I'm trying to get the n longest entries of a dask DataFrame. I tried calling nlargest on a dask DataFrame with two columns like this:
import dask.dataframe as dd
df = dd.read_csv("opendns-random-domains.txt", header=None, names=['domain_name'])

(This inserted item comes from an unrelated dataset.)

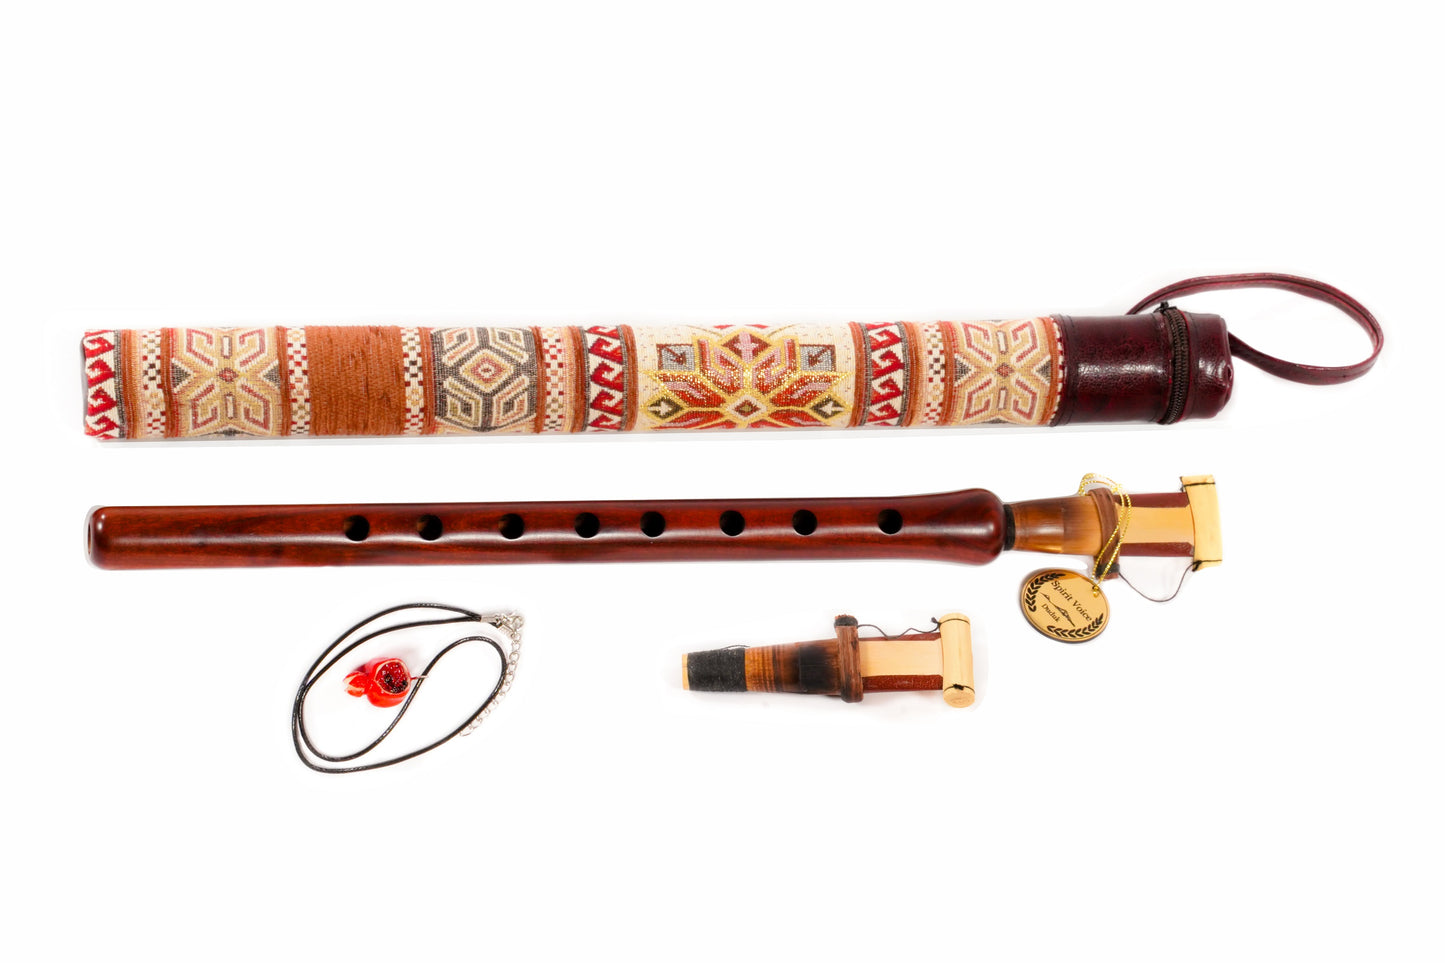 Հայկական երաժշտական ​​գործիք դուդուկ սկսնակների համար՝ 2 եղեգով և պատյանով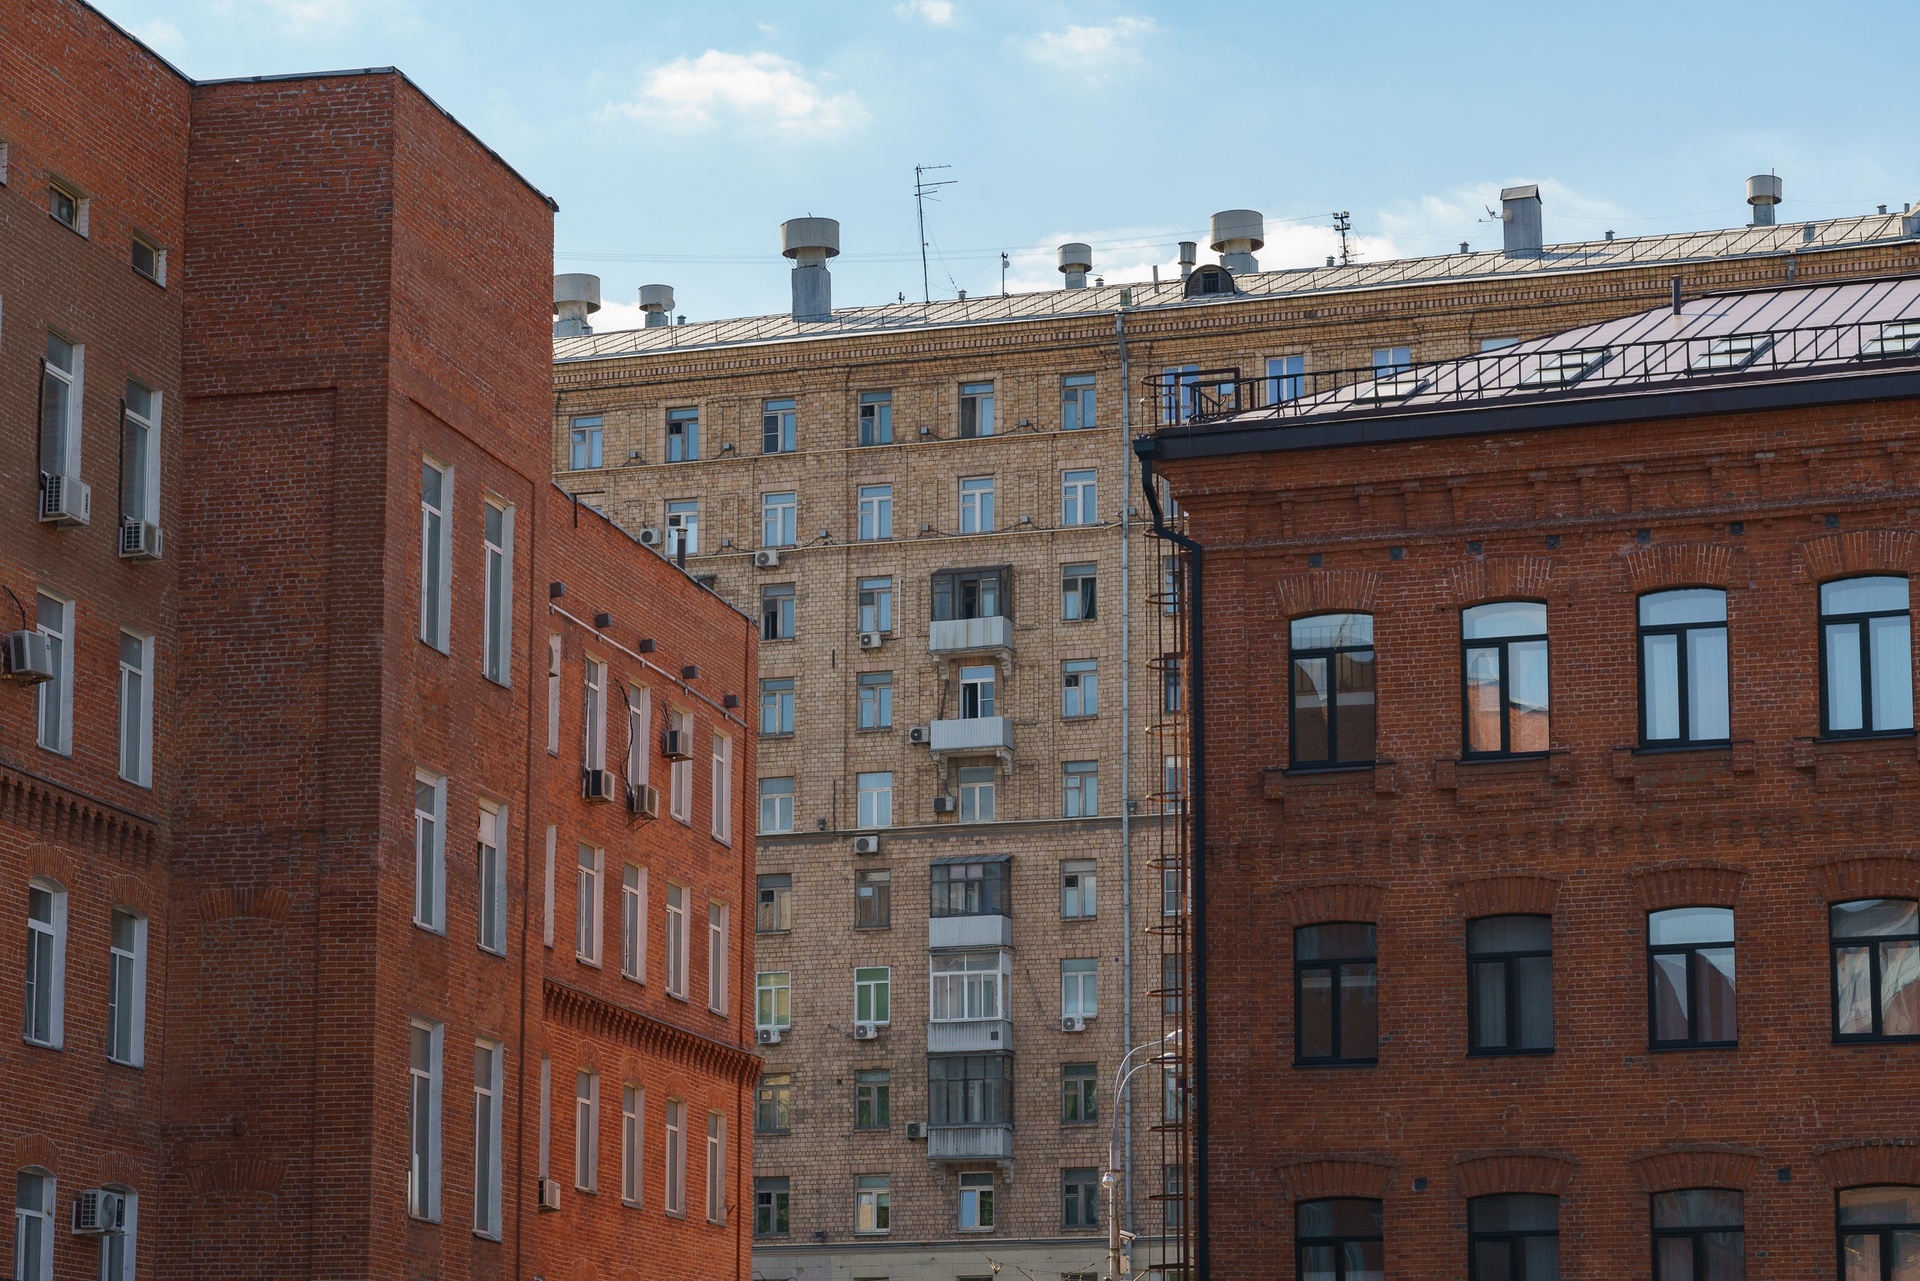 «Метриум»: для покупки квартиры в Москве нужно копить 7 лет и 2 месяца

df['domain_length'] = df.domain_name.map(len)
print(df.head())
print(df.dtypes)
top_3 = df.nlargest(3, 'domain_length')
print(top_3.head())
The file opendns-random-domains.txt contains just a long list of domain names. This is what the output of the above code looks like:
domain_name domain_length
0 webmagnat.ro 12
1 nickelfreesolutions.com 23
2 scheepvaarttelefoongids.nl 26
3 tursan.net 10
4 plannersanonymous.com 21
domain_name object
domain_length float64
dtype: object
Traceback (most recent call last):
File "nlargest_test.py", line 9, in <module>
print(top_3.head())
File "/home/work/Dokumente/ModZero/Commerzbank/DNS_und_Proxylog-Analyse/dask-log-analyzer/venv/lib/python3.5/site-packages/dask/dataframe/core.py", line 382, in head
result = result.compute()
File "/home/work/Dokumente/ModZero/Commerzbank/DNS_und_Proxylog-Analyse/dask-log-analyzer/venv/lib/python3.5/site-packages/dask/base.py", line 86, in compute
return compute(self, **kwargs)[0]
File "/home/work/Dokumente/ModZero/Commerzbank/DNS_und_Proxylog-Analyse/dask-log-analyzer/venv/lib/python3.5/site-packages/dask/base.py", line 179, in compute
results = get(dsk, keys, **kwargs)
File "/home/work/Dokumente/ModZero/Commerzbank/DNS_und_Proxylog-Analyse/dask-log-analyzer/venv/lib/python3.5/site-packages/dask/threaded.py", line 57, in get
**kwargs)
File "/home/work/Dokumente/ModZero/Commerzbank/DNS_und_Proxylog-Analyse/dask-log-analyzer/venv/lib/python3.5/site-packages/dask/async.py", line 484, in get_async
raise(remote_exception(res, tb))
dask.async.TypeError: Cannot use method 'nlargest' with dtype object
Traceback
---------
File "/home/work/Dokumente/ModZero/Commerzbank/DNS_und_Proxylog-Analyse/dask-log-analyzer/venv/lib/python3.5/site-packages/dask/async.py", line 267, in execute_task
result = _execute_task(task, data)
File "/home/work/Dokumente/ModZero/Commerzbank/DNS_und_Proxylog-Analyse/dask-log-analyzer/venv/lib/python3.5/site-packages/dask/async.py", line 249, in _execute_task
return func(*args2)
File "/home/work/Dokumente/ModZero/Commerzbank/DNS_und_Proxylog-Analyse/dask-log-analyzer/venv/lib/python3.5/site-packages/dask/dataframe/core.py", line 2040, in <lambda>
f = lambda df: df.nlargest(n, columns)
File "/home/work/Dokumente/ModZero/Commerzbank/DNS_und_Proxylog-Analyse/dask-log-analyzer/venv/lib/python3.5/site-packages/pandas/core/frame.py", line 3355, in nlargest
return self._nsorted(columns, n, 'nlargest', keep)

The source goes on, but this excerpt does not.